__DATA SHOWN__
/---

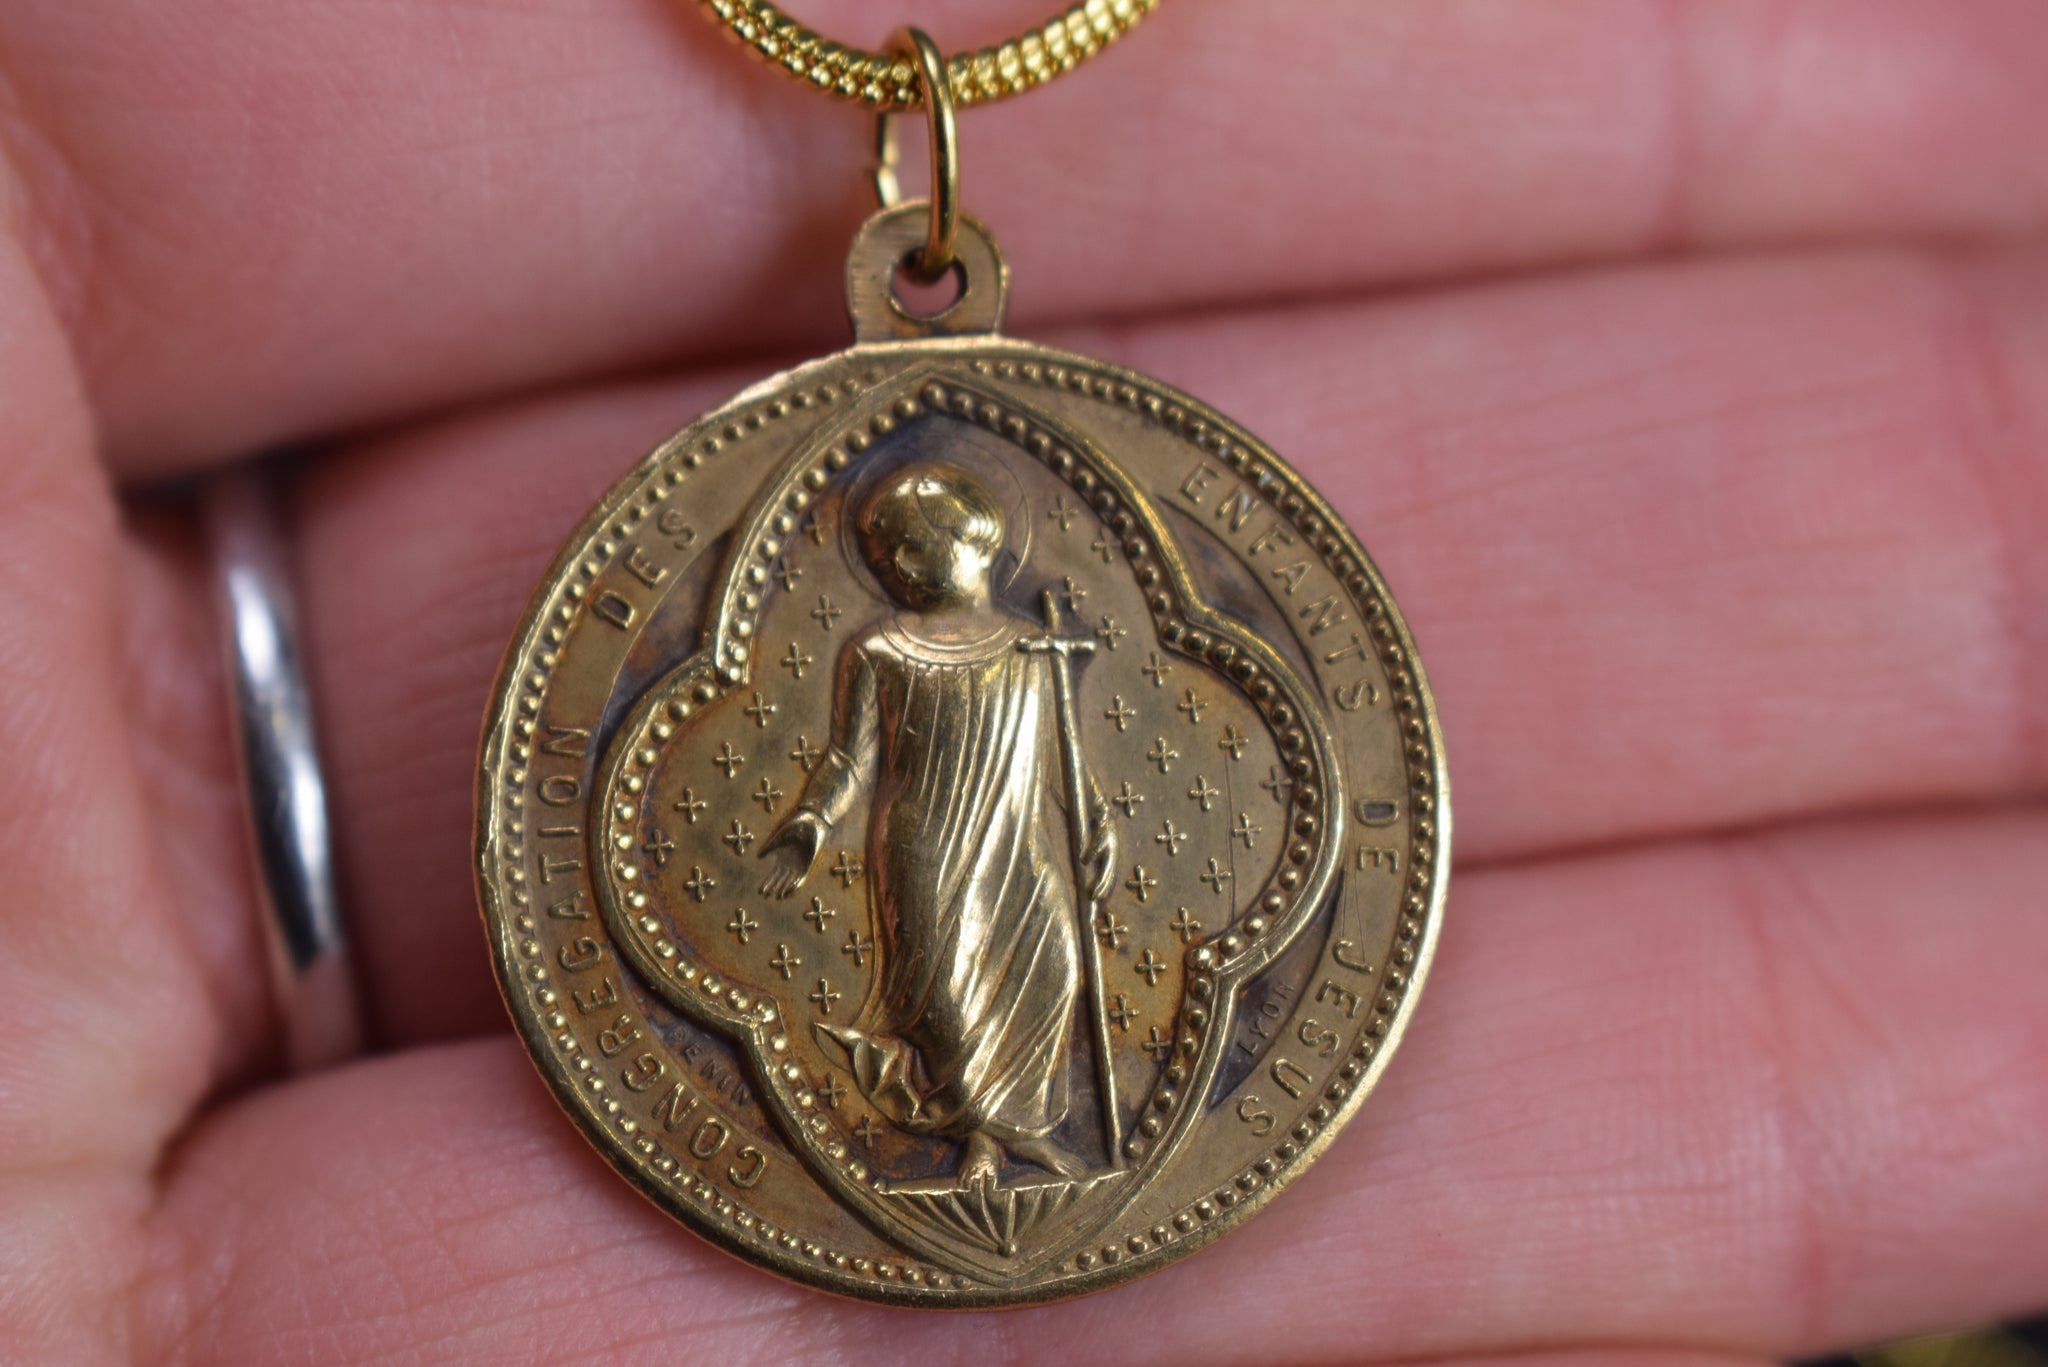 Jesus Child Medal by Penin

\---
/---

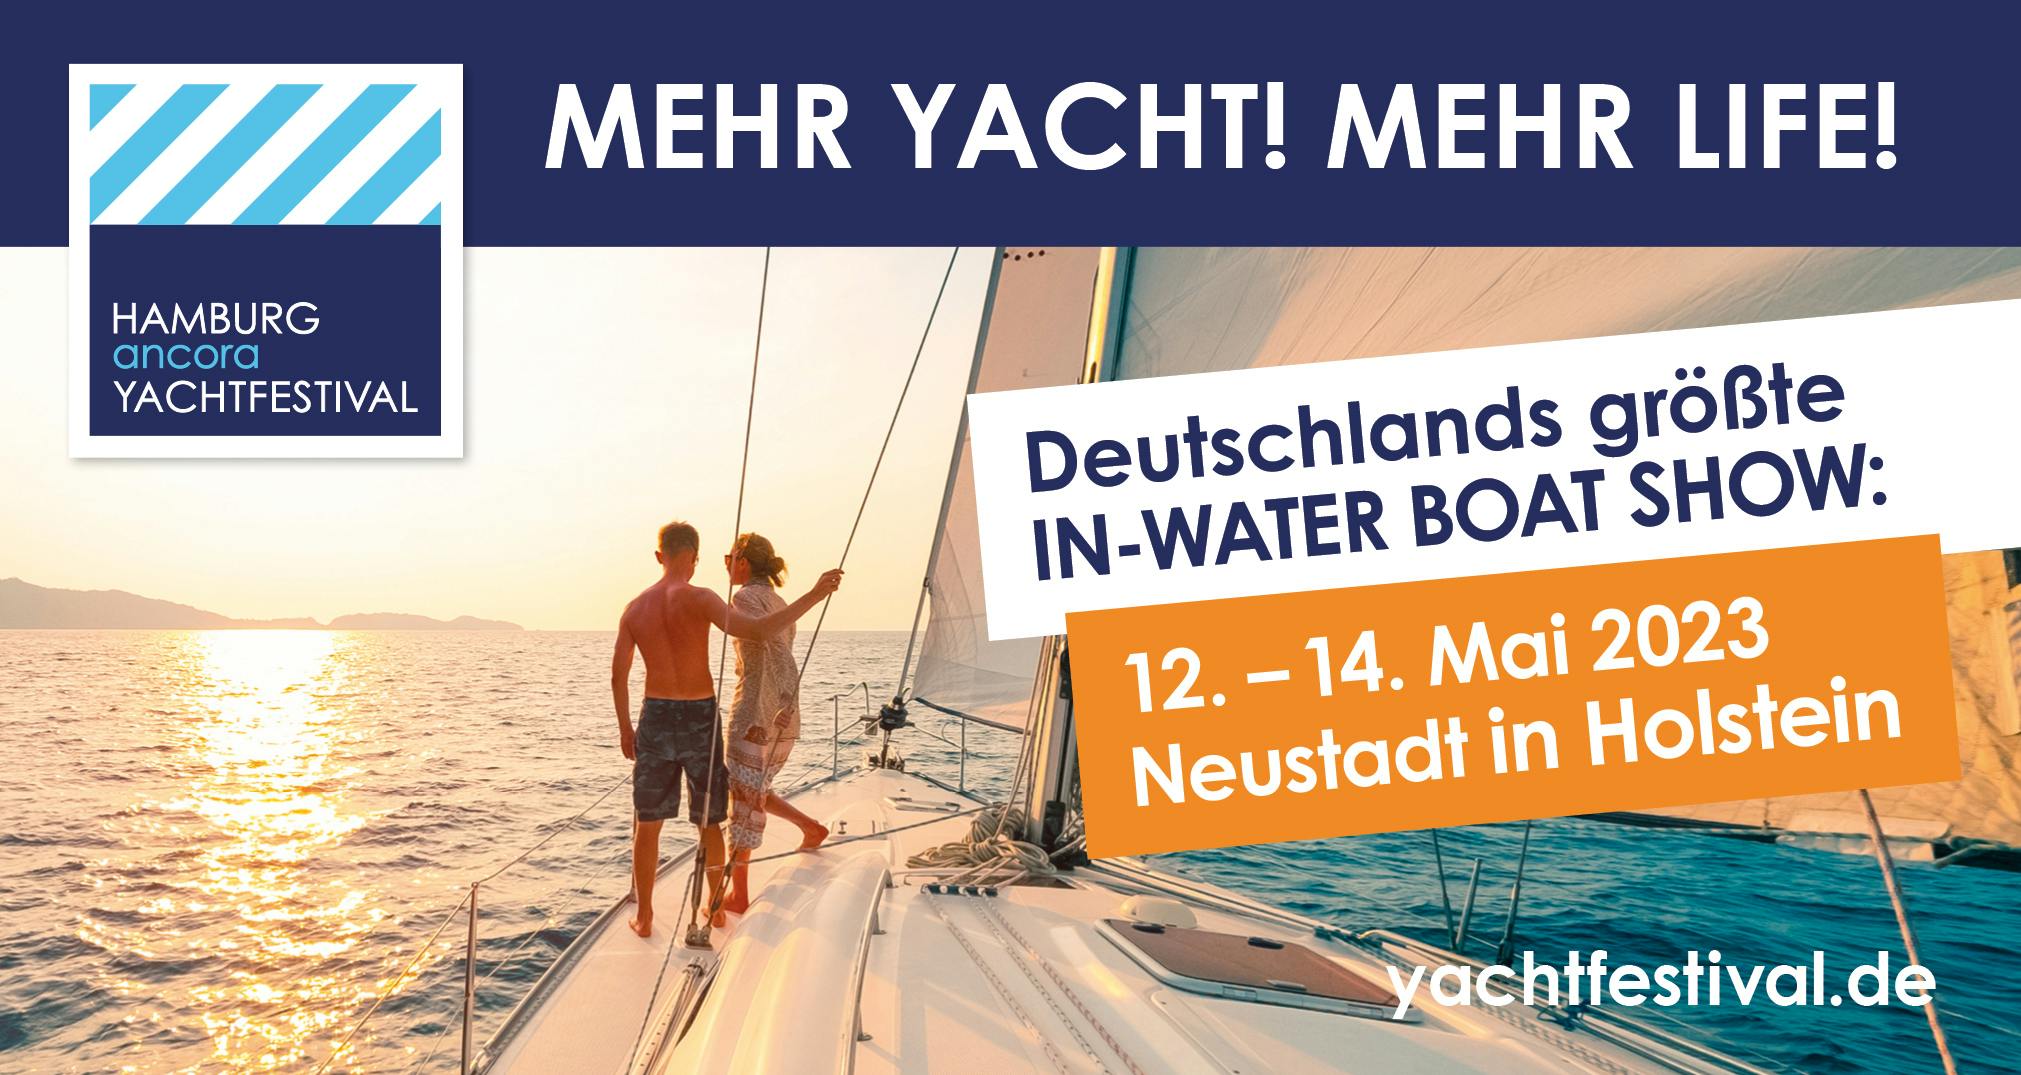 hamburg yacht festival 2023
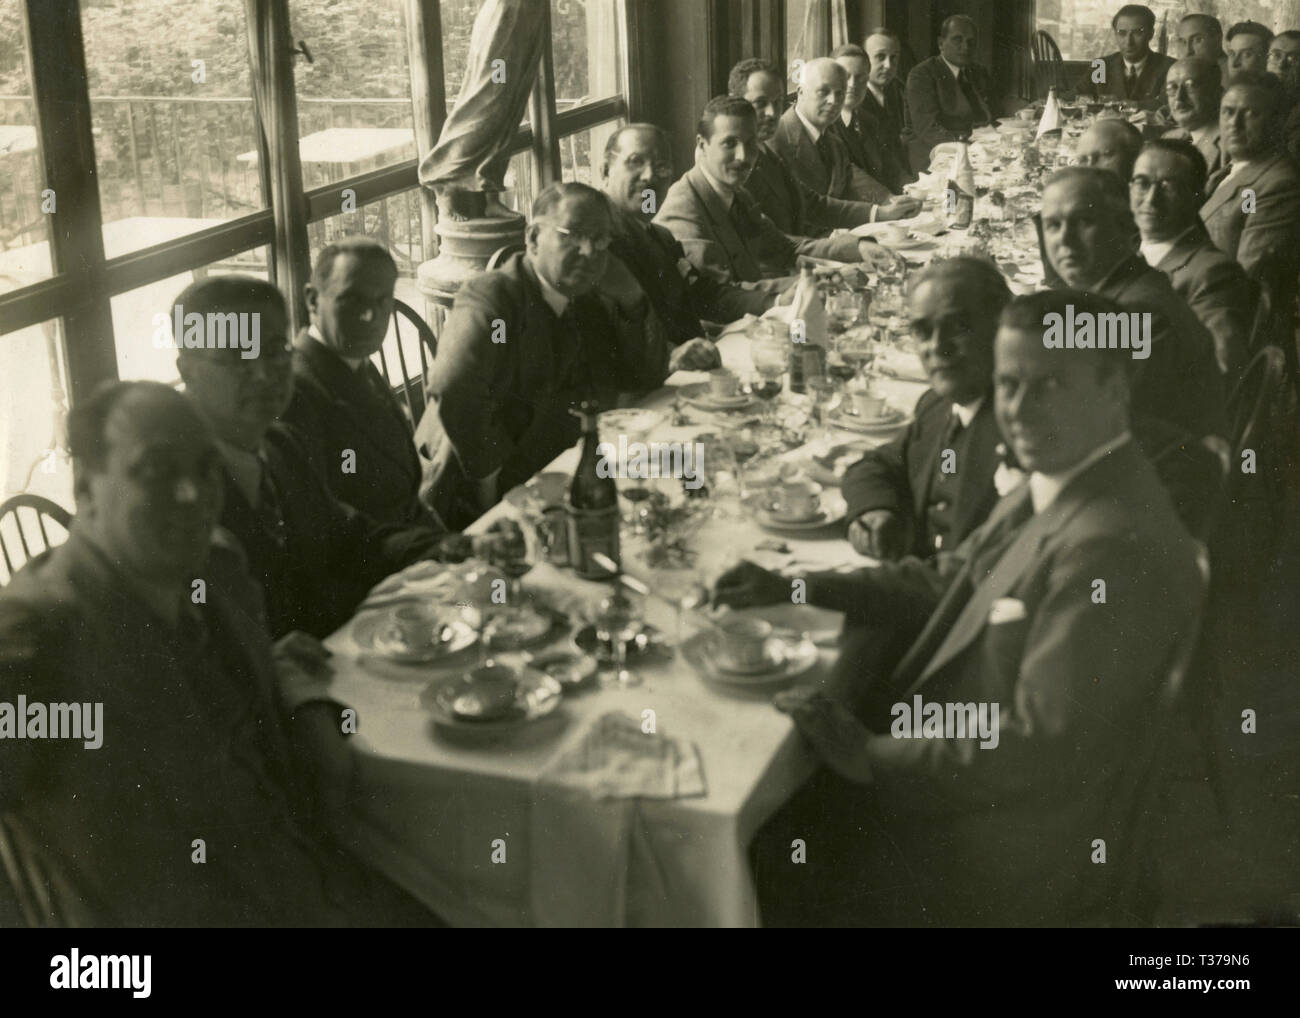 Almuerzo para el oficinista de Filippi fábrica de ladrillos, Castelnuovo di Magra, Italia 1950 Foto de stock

\---

__TASK INSTRUCTIONS__
Would you please reproduce the entries above, starting at the line with "hamburg yacht festival 2023" and stopping after the line with "Almuerzo para el"? Omit any pictures.

__SOLUTION FOR THIS EXERCISE__
 hamburg yacht festival 2023
 Almuerzo para el oficinista de Filippi fábrica de ladrillos, Castelnuovo di Magra, Italia 1950 Foto de stock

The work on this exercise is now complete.